Over the years, a number of approaches to the memory fragmentation problem have been considered, but none have been merged. Adding any sort of overhead to the core memory management code tends to be a hard sell. But this resistance does not mean that people stop trying. One of the most persistent in this area has been Mel Gorman, who has been working on an anti-fragmentation patch set for some years. Mel is back with version 27 of his patch, now rebranded “page clustering.” This version appears to have attracted some interest, and may yet get into the mainline.

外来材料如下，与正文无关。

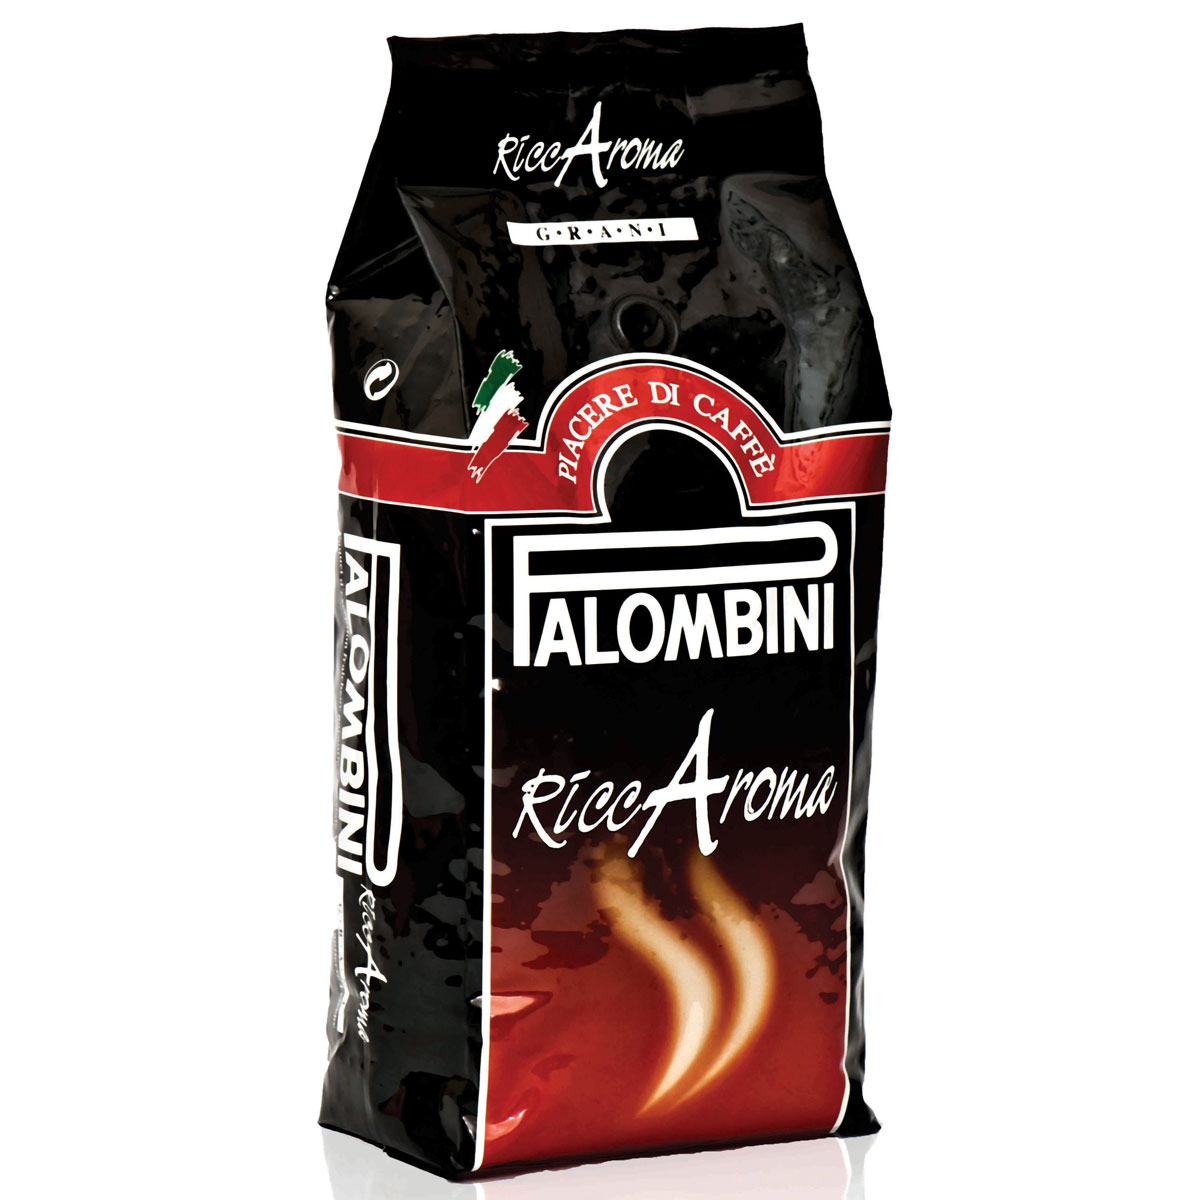 Palombini Riccaroma кофе в зернах, 1 кг palombini pal oro

多年来，为了解决内存碎片的问题，社区已经考虑了许多方法，但还没有一个被内核主线所接受。任何试图对内存管理核心代码进行修改的尝试都需要慎之又慎。但这并没有阻止人们努力尝试的决心。要问在这个领域，哪些人最有毅力，恐怕就不得不提起 Mel Gorman，他多年来一直在研究反碎片（anti-fragmentation）问题。最近针对该问题他又向内核提交了他的补丁的第 27 个版本，并给它起了一个新的名字叫做 “page clustering”（译者注，clustering 有聚合，一簇的意思，即下文所解释的算法中对页框进行分类的概念）。这个版本似乎引起了大家的一些兴趣，很有可能会进入内核主线。

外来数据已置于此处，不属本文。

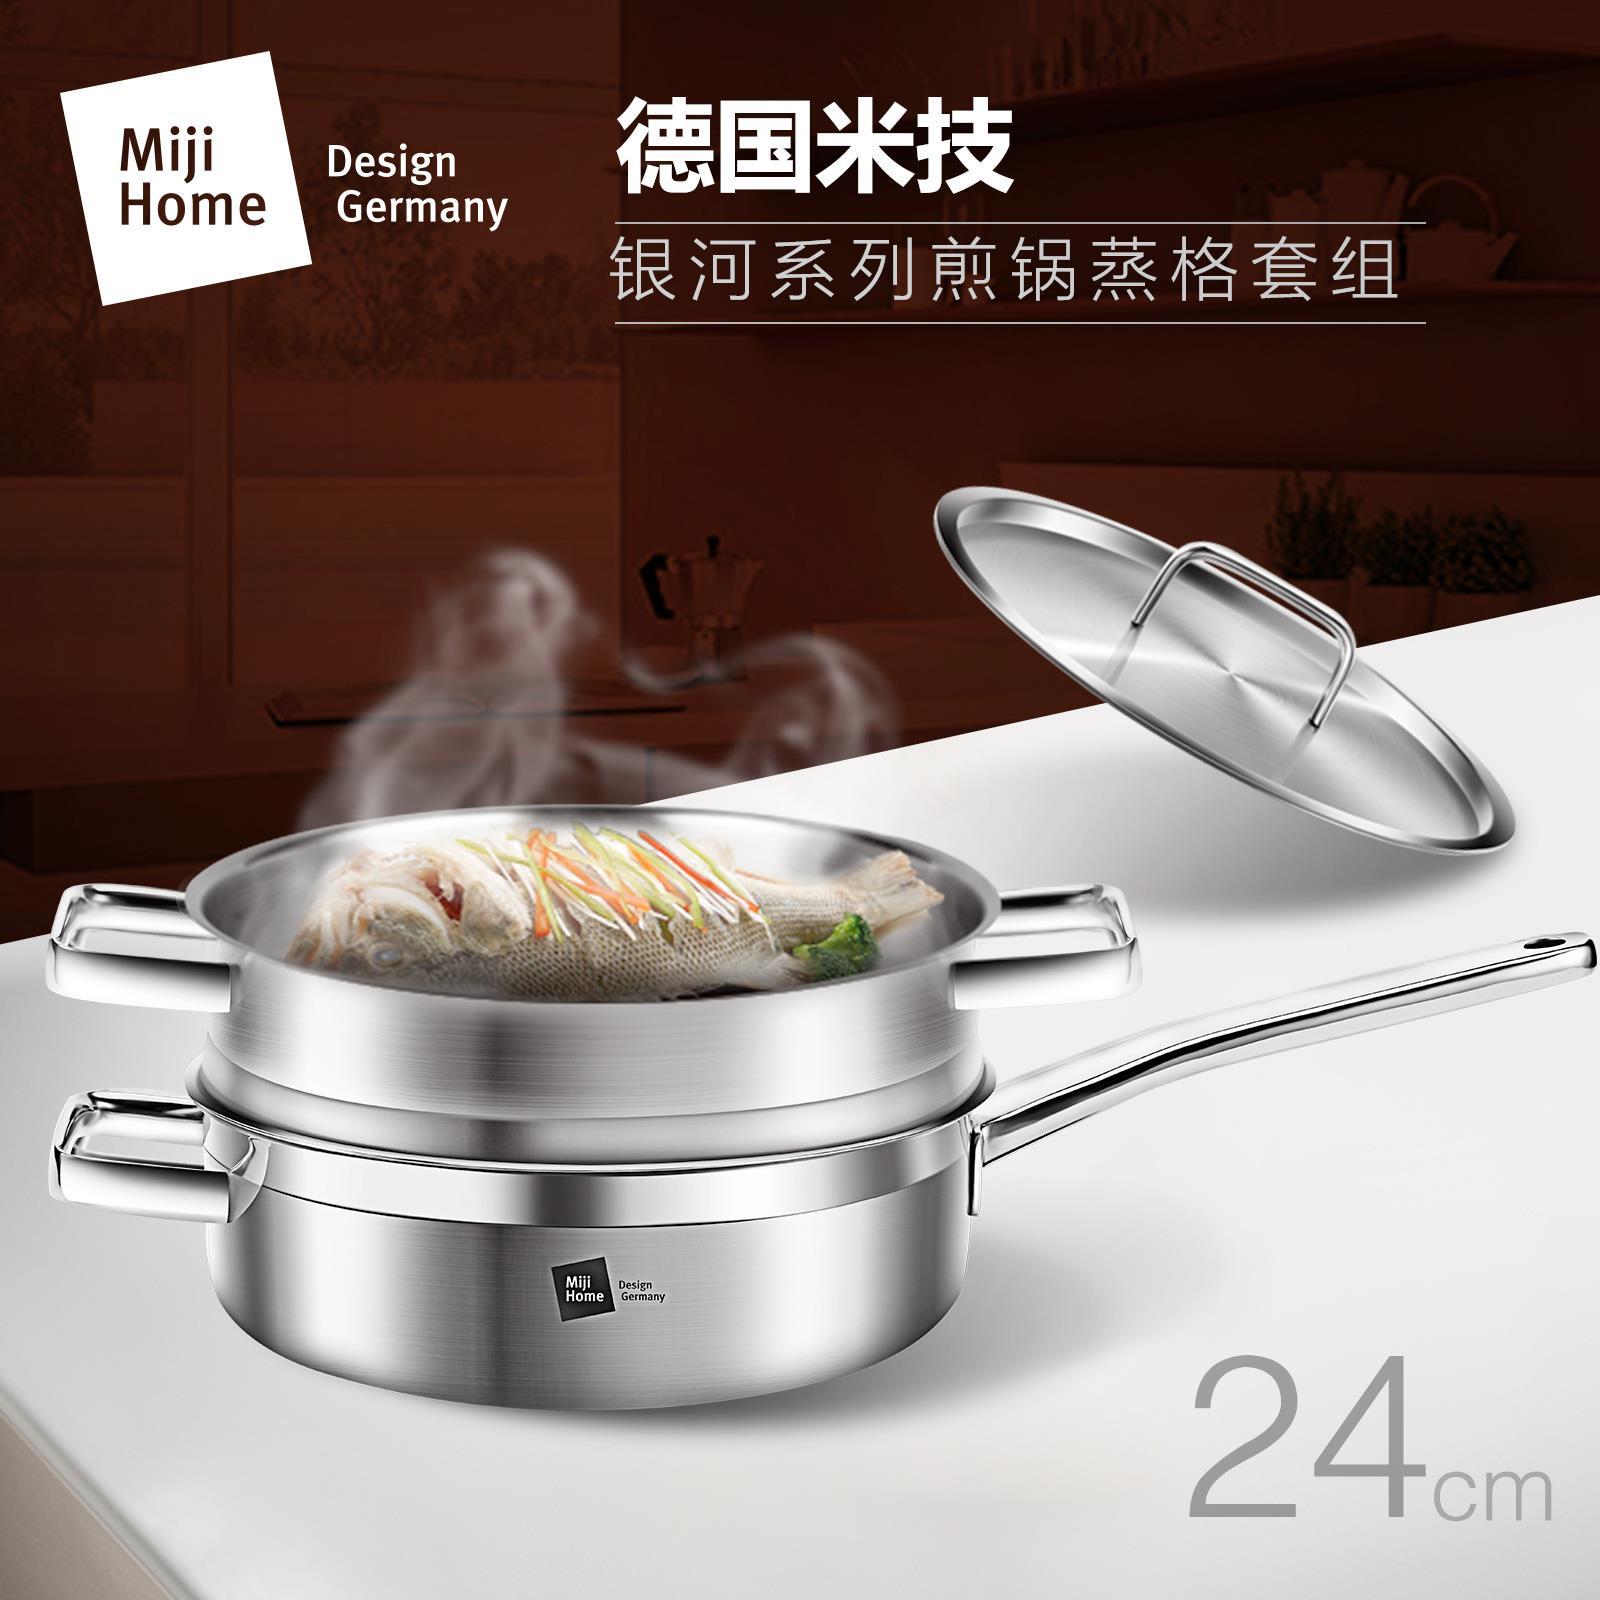 Miji 米技 银河系列-24CM西式煎锅带蒸格套装H-SS24-BC-TZ

The core observation in Mel’s patch set remains that some types of memory are more easily reclaimed than others. A page which is backed up on a filesystem somewhere can be readily discarded and reused, for example, while a page holding a process’s task structure is pretty well nailed down. One stubborn page is all it takes to keep an entire large block of memory from being consolidated and reused as a physically-contiguous whole. But if all of the easily-reclaimable pages could be kept together, with the non-reclaimable pages grouped into a separate region of memory, it should be much easier to create larger blocks of free memory.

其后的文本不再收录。